%A Deng Yun, Wang Bin, Li Qiang, Zhang Zhiming, Deng Xiaobao, Cao Min, Lin Luxiang %T An analysis of lightweight-drone-assisted mapping accuracy in tropical forest plot %0 Journal Article %D 2018 %J Biodiv Sci %R 10.17520/biods.2018039 %P 892-904 %V 26 %N 8 %U {https://www.biodiversity-science.net/CN/abstract/article_29315.shtml} %8 2018-08-20 %X

Accurate coordinate position is a prerequisite for combining drone-assisted remotely sensed data and ground survey data. However, in the practice of surveying forests, many factors prevent accurate measurement of coordinate position and inaccurate coordinates may lead to incorrect conclusions. Therefore, researchers must pay attention to factors effecting accuracy of position. In this study, we compared location error of ground control points (GCPs), model error of photogrammetric point cloud (estimated by Photoscan software) and reprojection error of camera exposure position.
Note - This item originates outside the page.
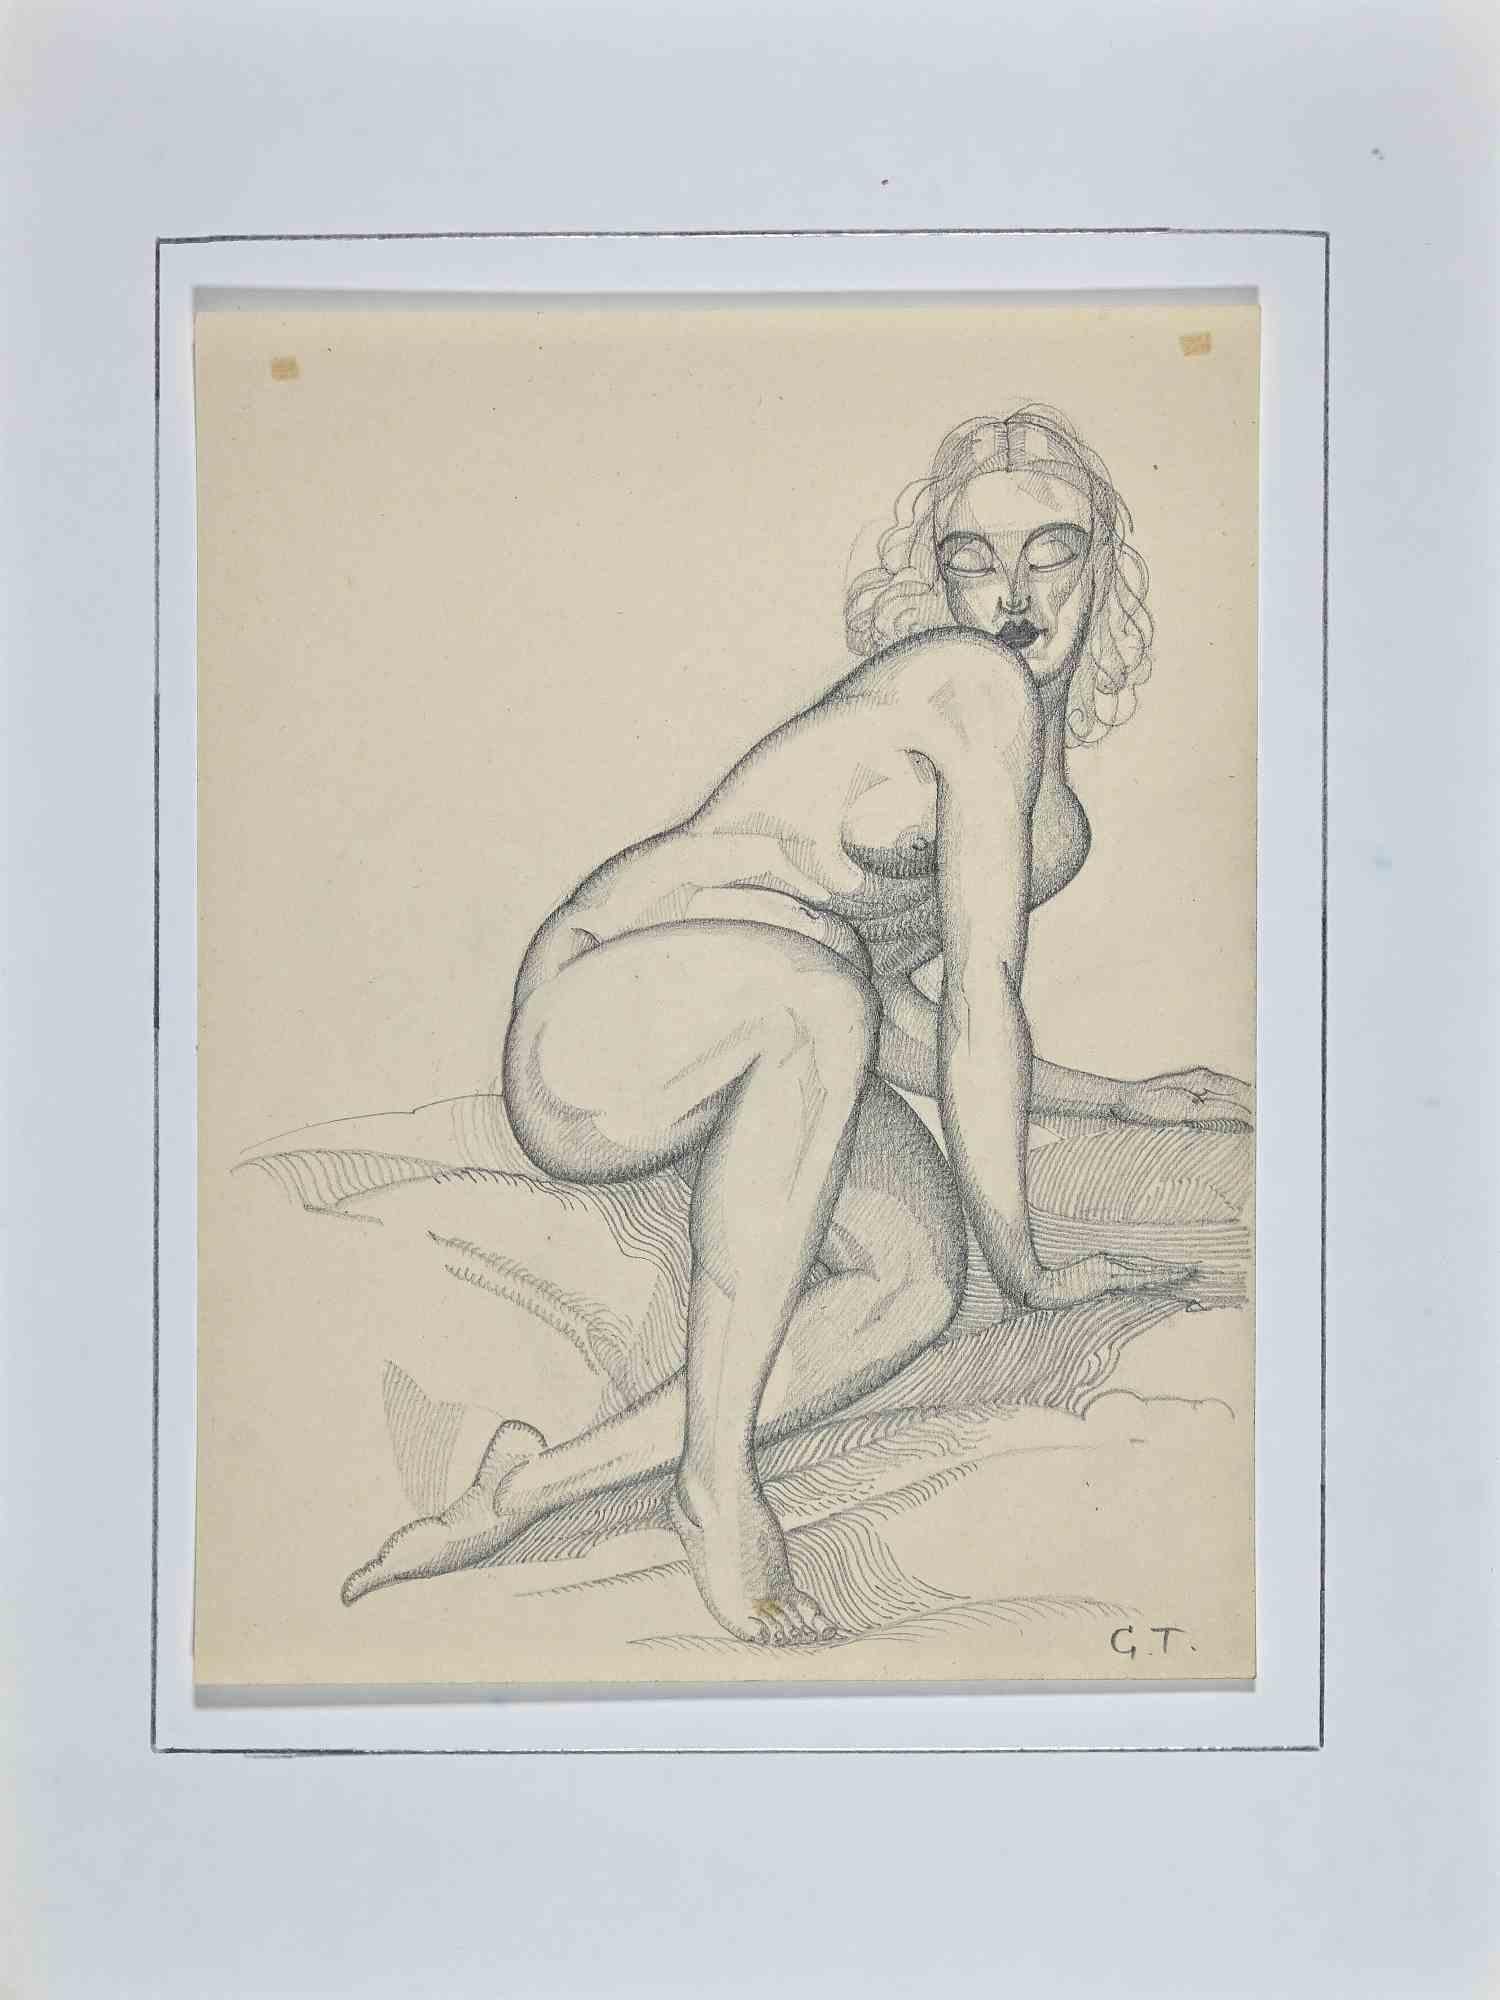 Reclined Nude  - Original Pencil Drawing by George-Henri Tribout - 1950s - Modern Art by Georges-Henri Tribout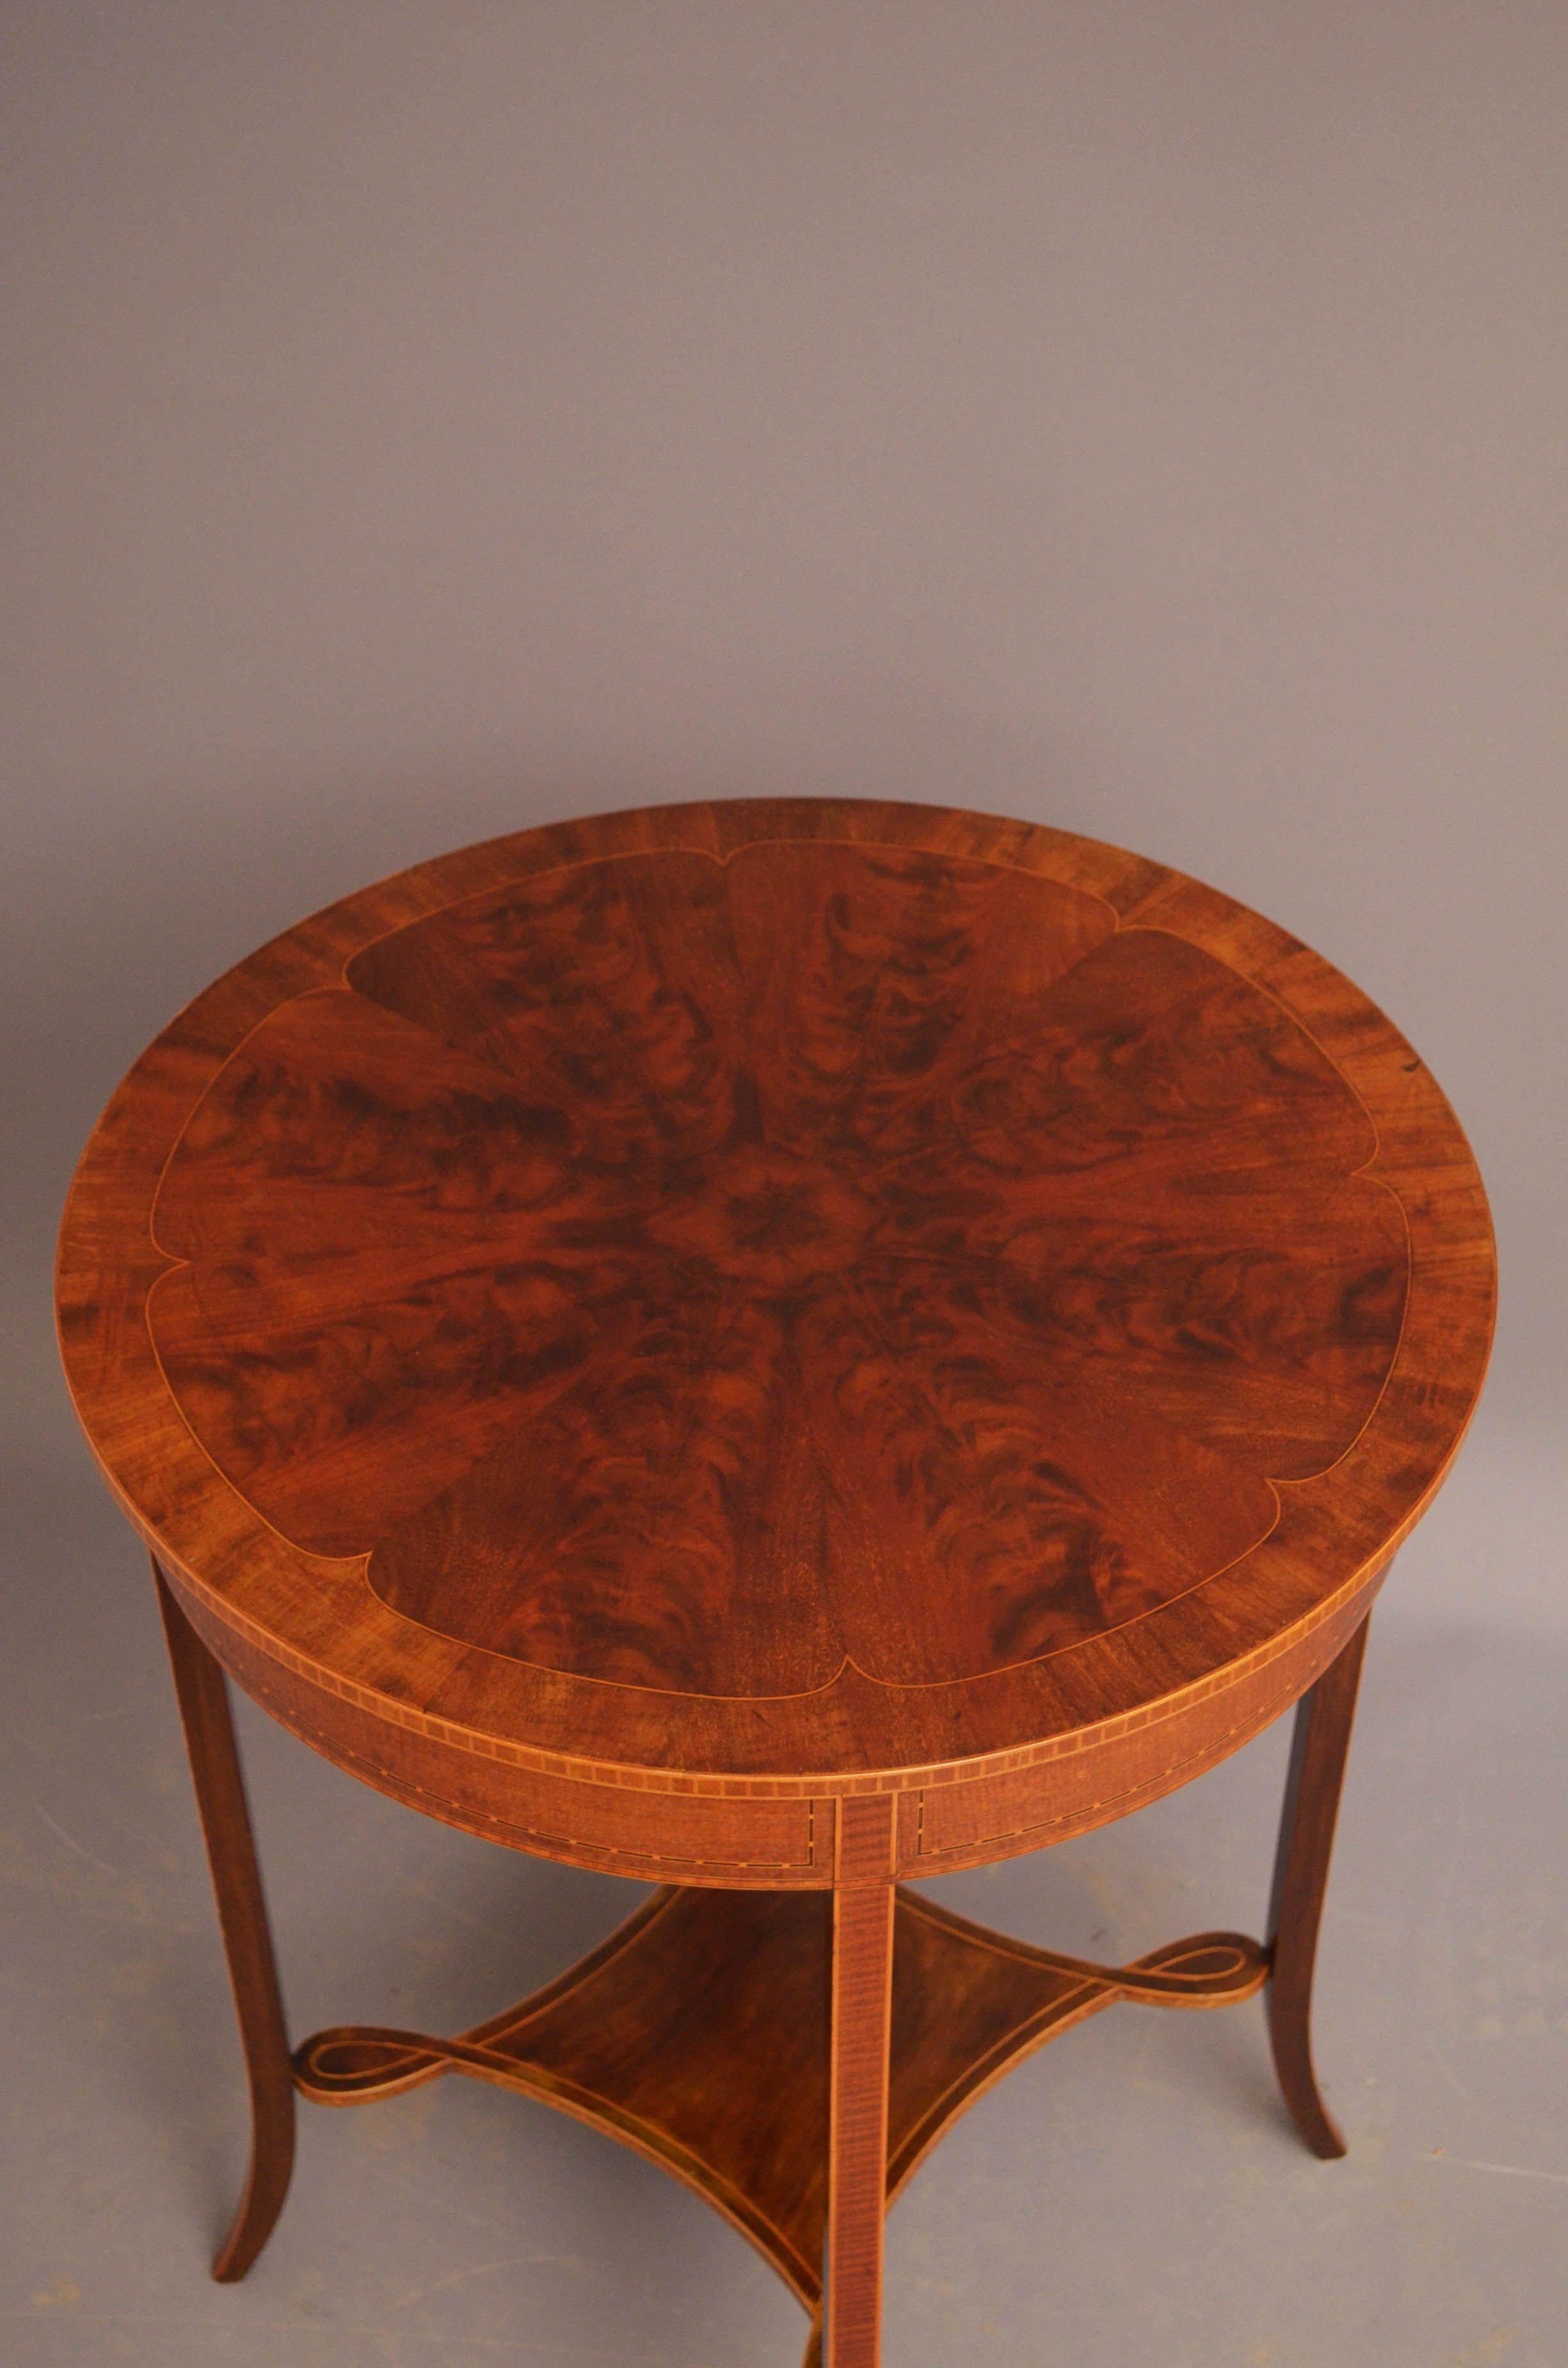 St07 Fine quality Edwardian occasional table in mahogany, having stunning segmented, flamed mahogany top with satinwood stringing, mahogany banding and inlaid edge above inlaid frieze and four outswept inlaid legs united by shaped and inlaid

First, we found that real time kinematic (RTK) global navigation satellite system (GNSS) cannot locate position in tropical forest with high accuracy. The root mean square error (RMSE) of GCPs in canopy gaps were 0.167 ± 0.158 m and 0.297 ± 0.170 m in the horizontal and vertical axes respectively. In comparison, RMSE of GCPs within forests were 0.392 ± 0.368 m and 0.657 ± 0.412 m respectively for horizontal and vertical axes. Second, the number and measurement accuracy of GCPs influenced model error of photogrammetric point cloud. Third, reprojection error of camera exposure position (18.434 ± 5.252 m and 34.042 ± 6.920 m in horizontal and vertical axes respectively) was much greater than location error of GCPs when the drone acquired position with a single-station GPS system. Fourth, standard deviation of difference between estimated digital terrain model (DTMestimated) and measured digital terrain model (DTMmeasured) was positively correlated with mean canopy height (r = 0.713, P < 0.05). DTMestimated was better estimated at 20 ha scale than at 1 ha scale. Based on these results, we suggest that uniform distribution and sufficient numbers of GCPs can improve drone-assisted mapping accuracy. Lightweight-drone-based photogrammetry has an advantage in requiring fewer equipment and enabling creation of accurate DSM (digital surface model), but remains incapable of estimating ground elevation. Researchers should consider these factors related to accuracy before using drones for surveys.